▶ **Input data**
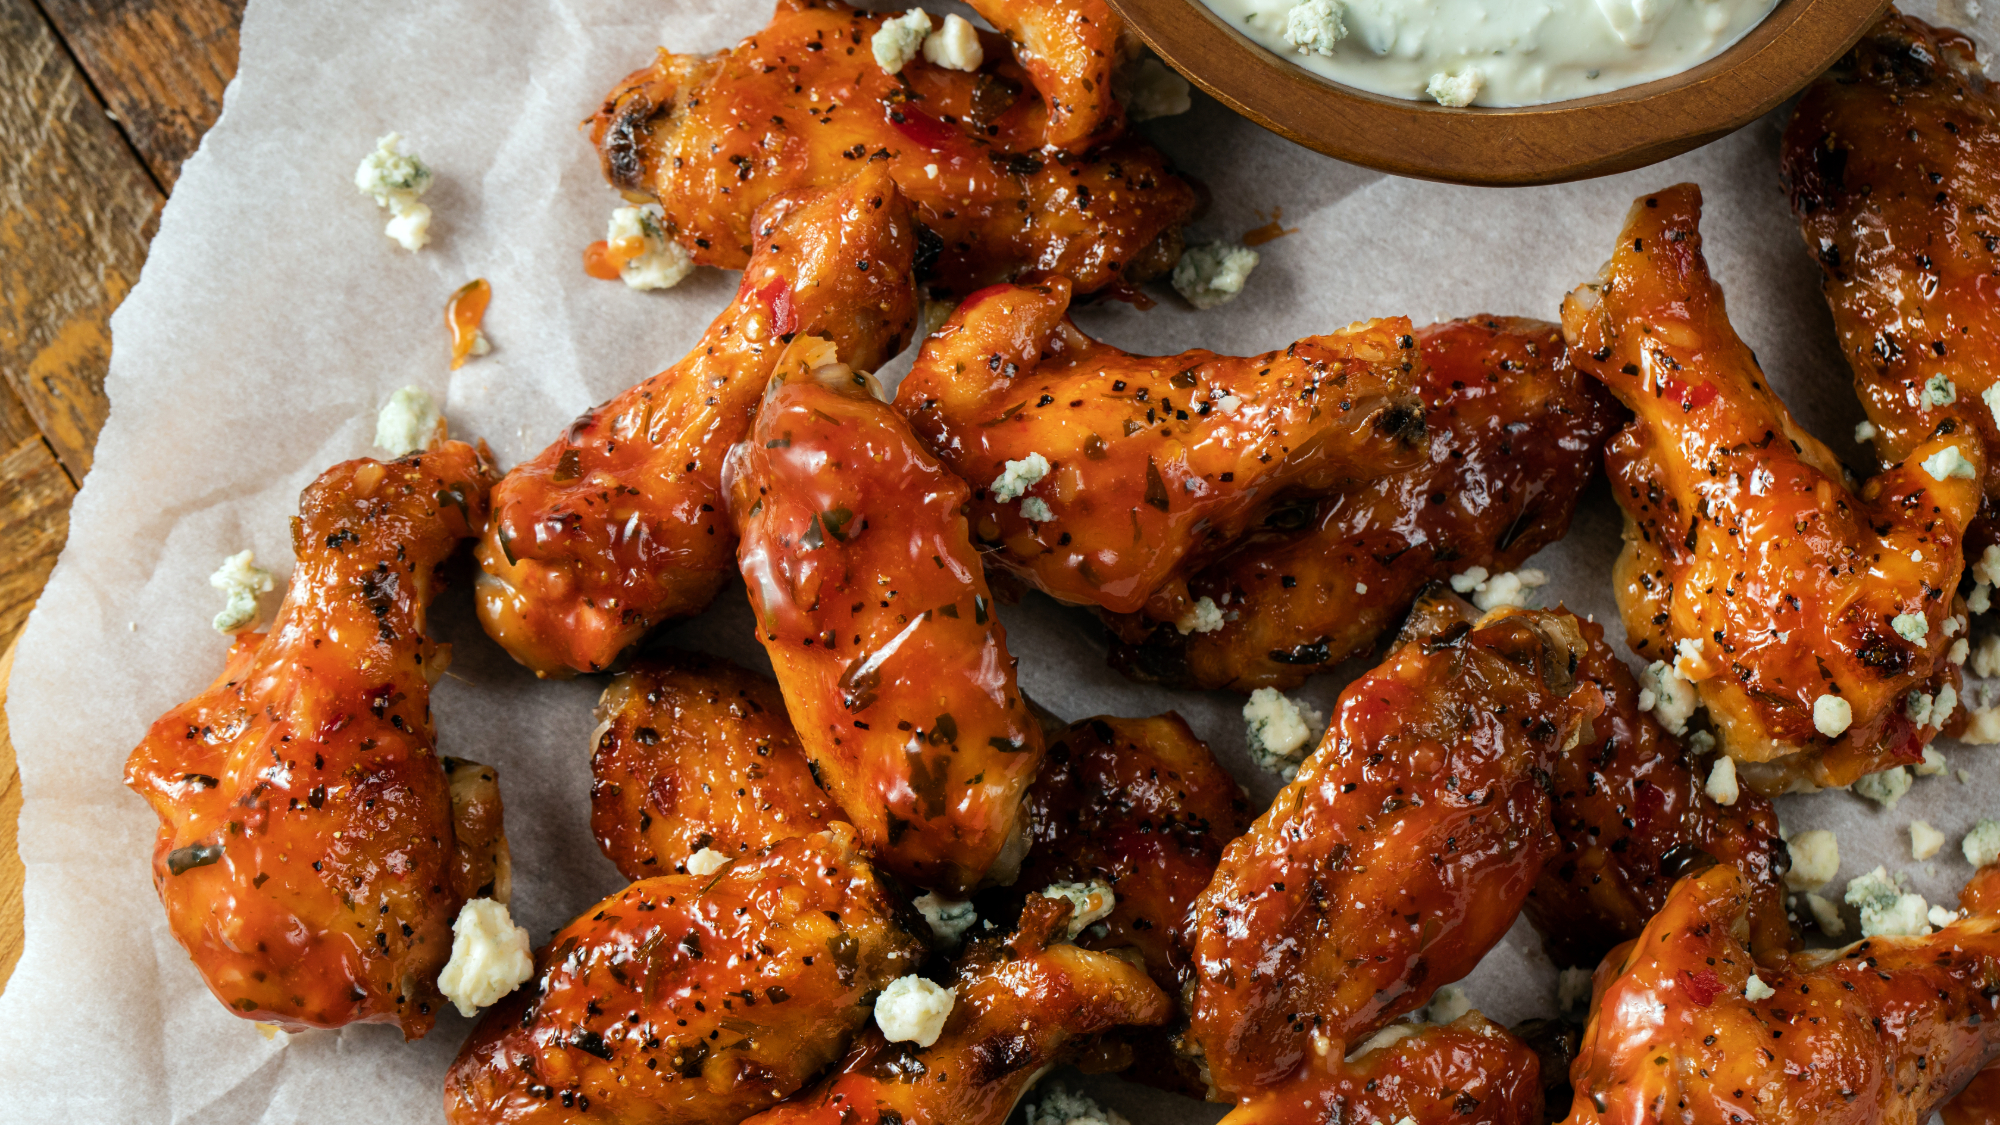 https://mccormick.widen.net/content/55ms14myvs/original/baked_wings_with_blue_cheese_parsley_dip_1308_2000x1125.jpg
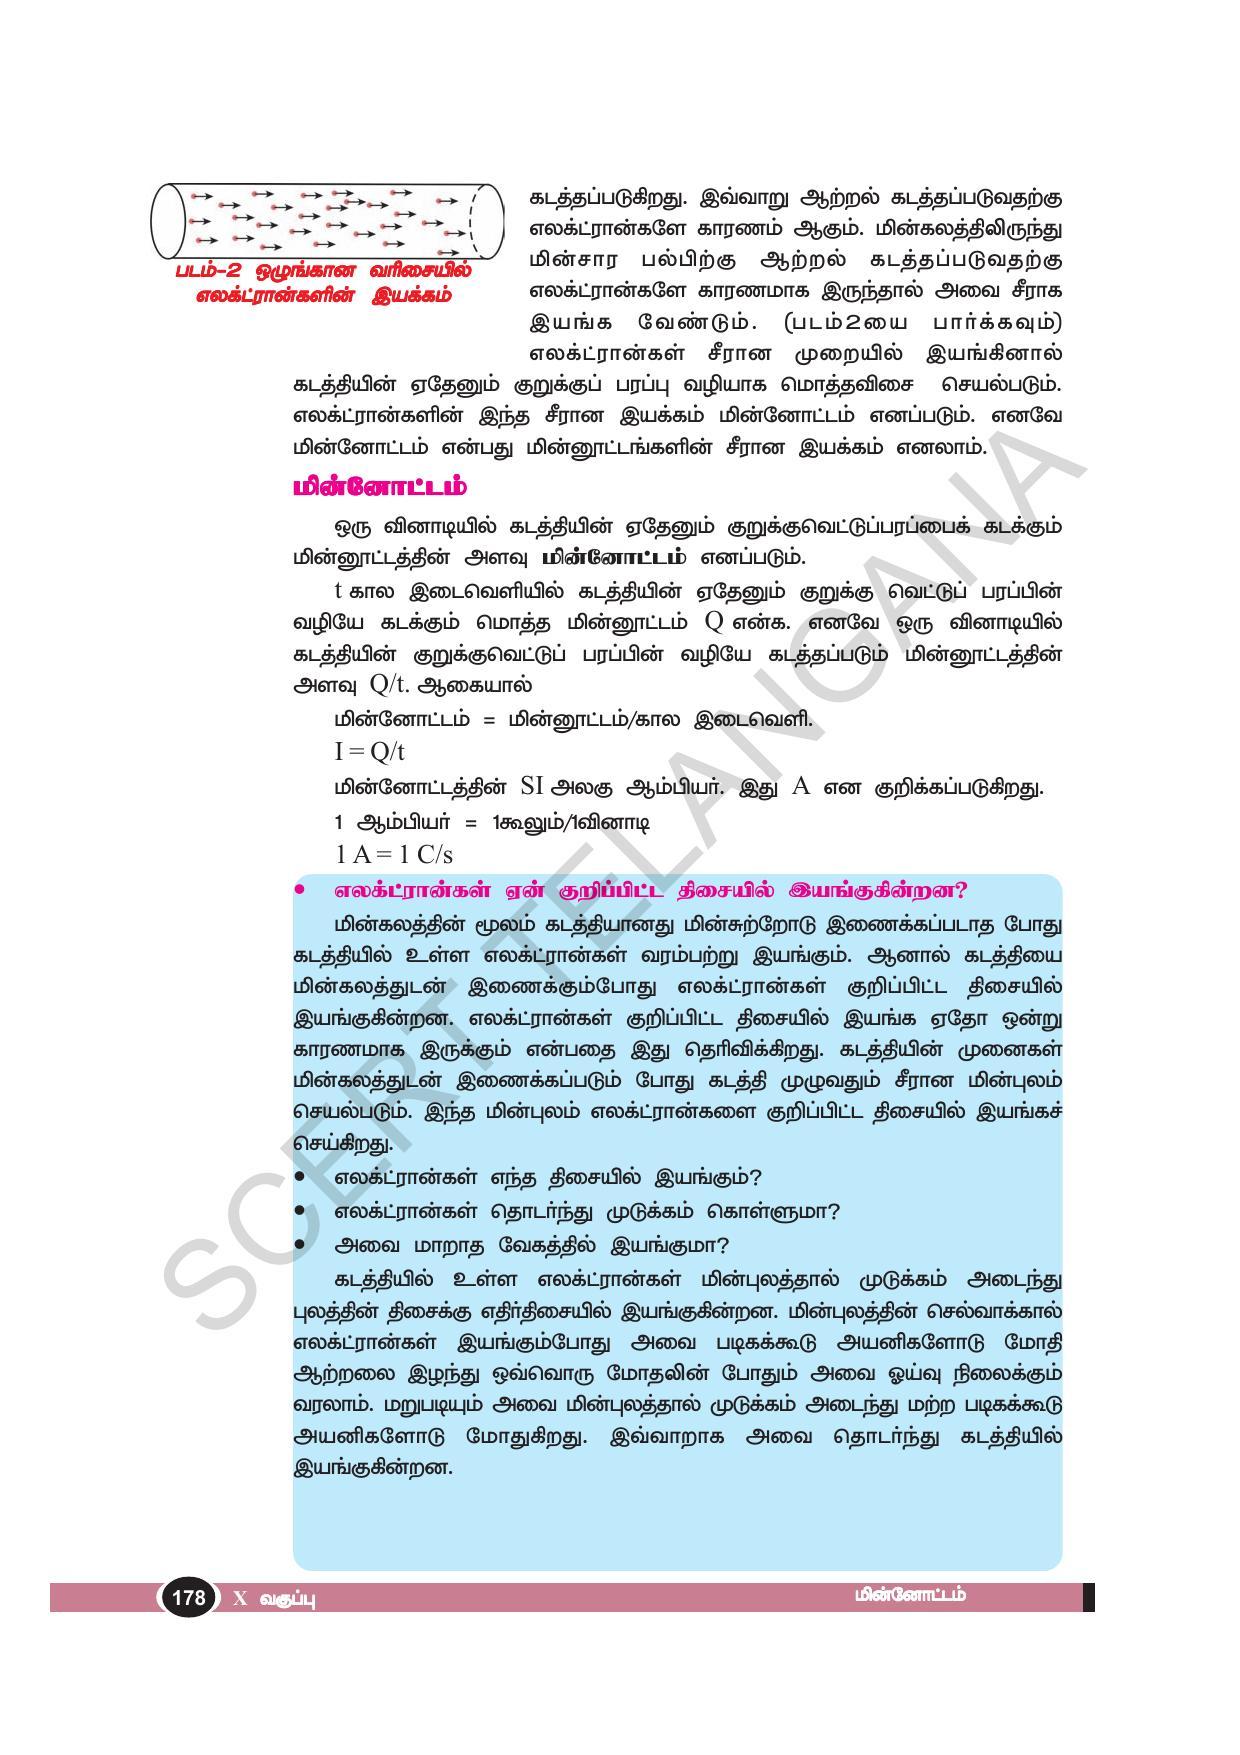 TS SCERT Class 10 Physical Science(Tamil Medium) Text Book - Page 190
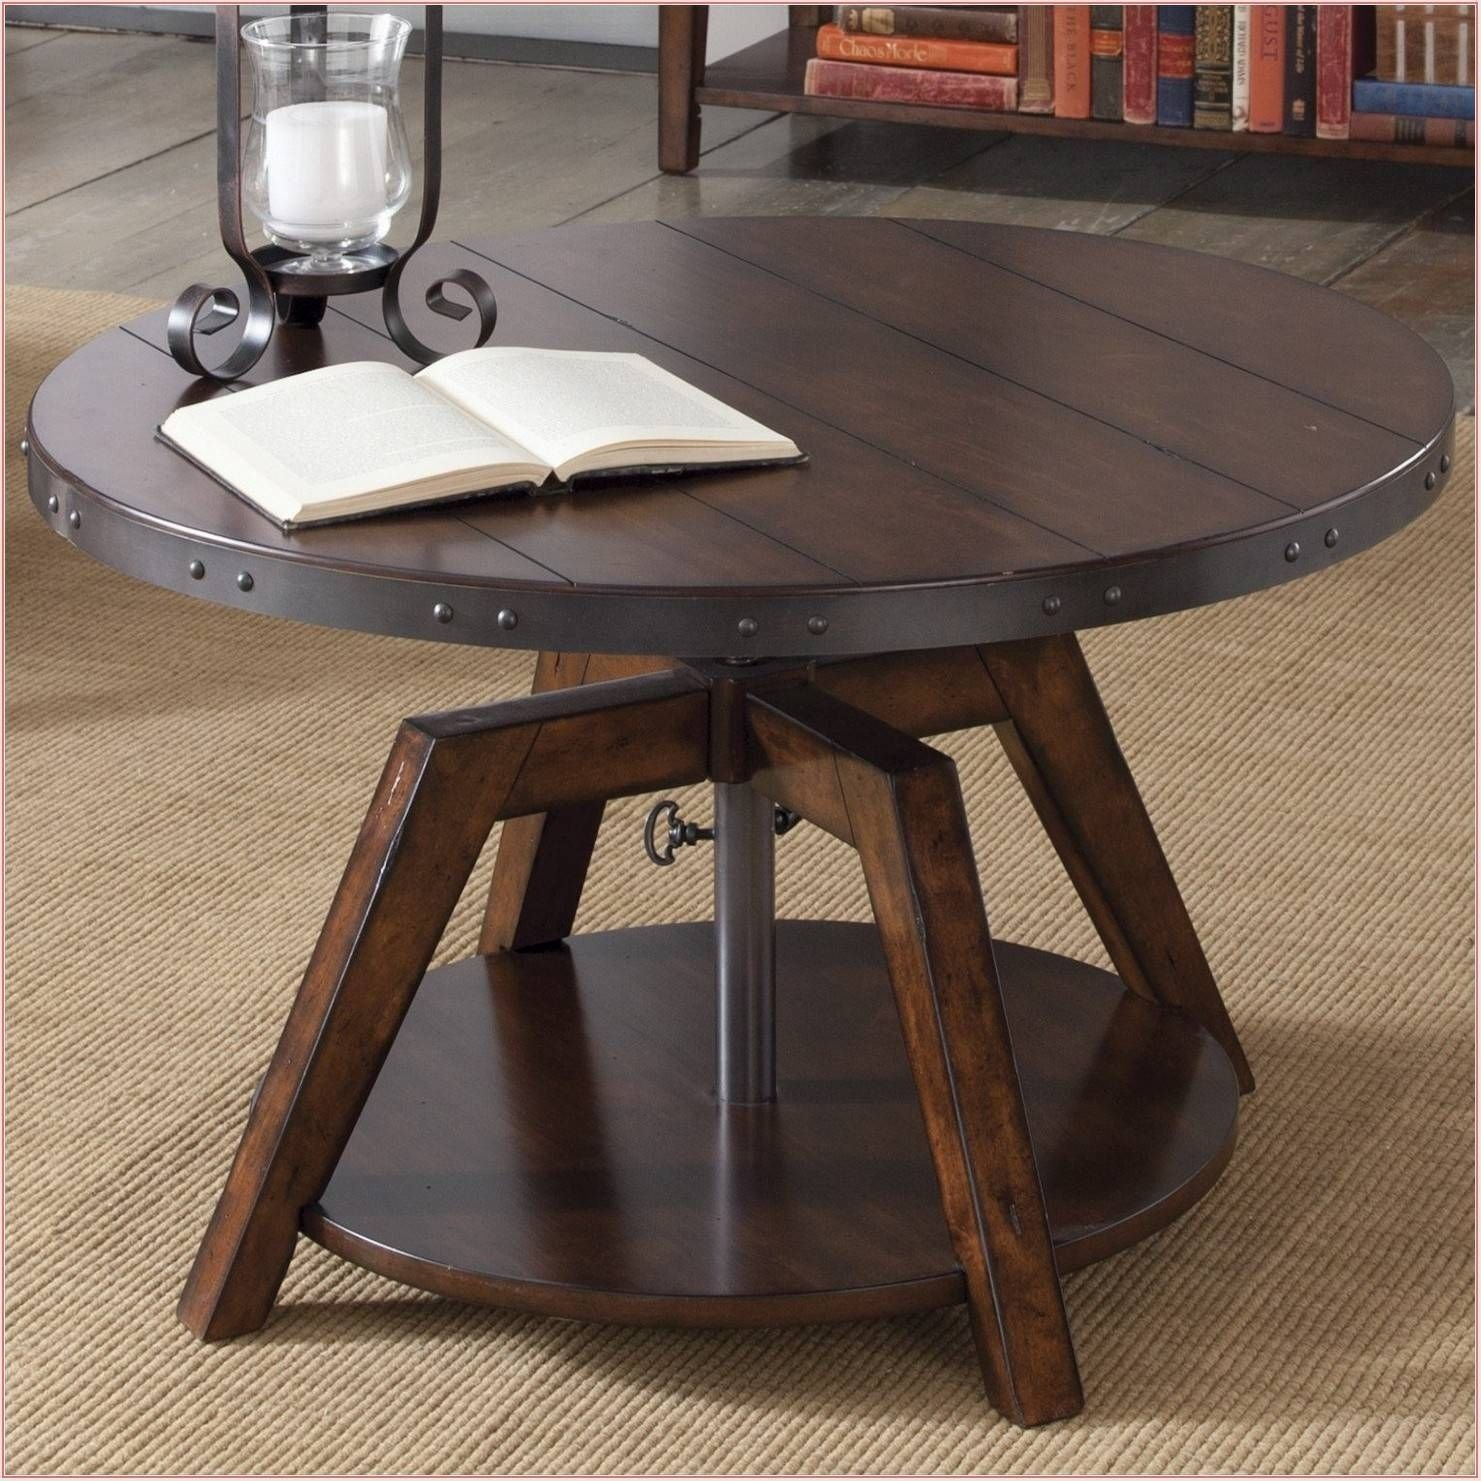 50 Amazing Convertible Coffee Table To Dining Table Up To 70 Off throughout proportions 1481 X 1481

▶ **Task to complete**
Your copy must repeat the data word for word and show none of its images.

▶ **Solution for this exercise**
 https://mccormick.widen.net/content/55ms14myvs/original/baked_wings_with_blue_cheese_parsley_dip_1308_2000x1125.jpg
 TS SCERT Class 10 Physical Science(Tamil Medium) Text Book - Page 190
 50 Amazing Convertible Coffee Table To Dining Table Up To 70 Off throughout proportions 1481 X 1481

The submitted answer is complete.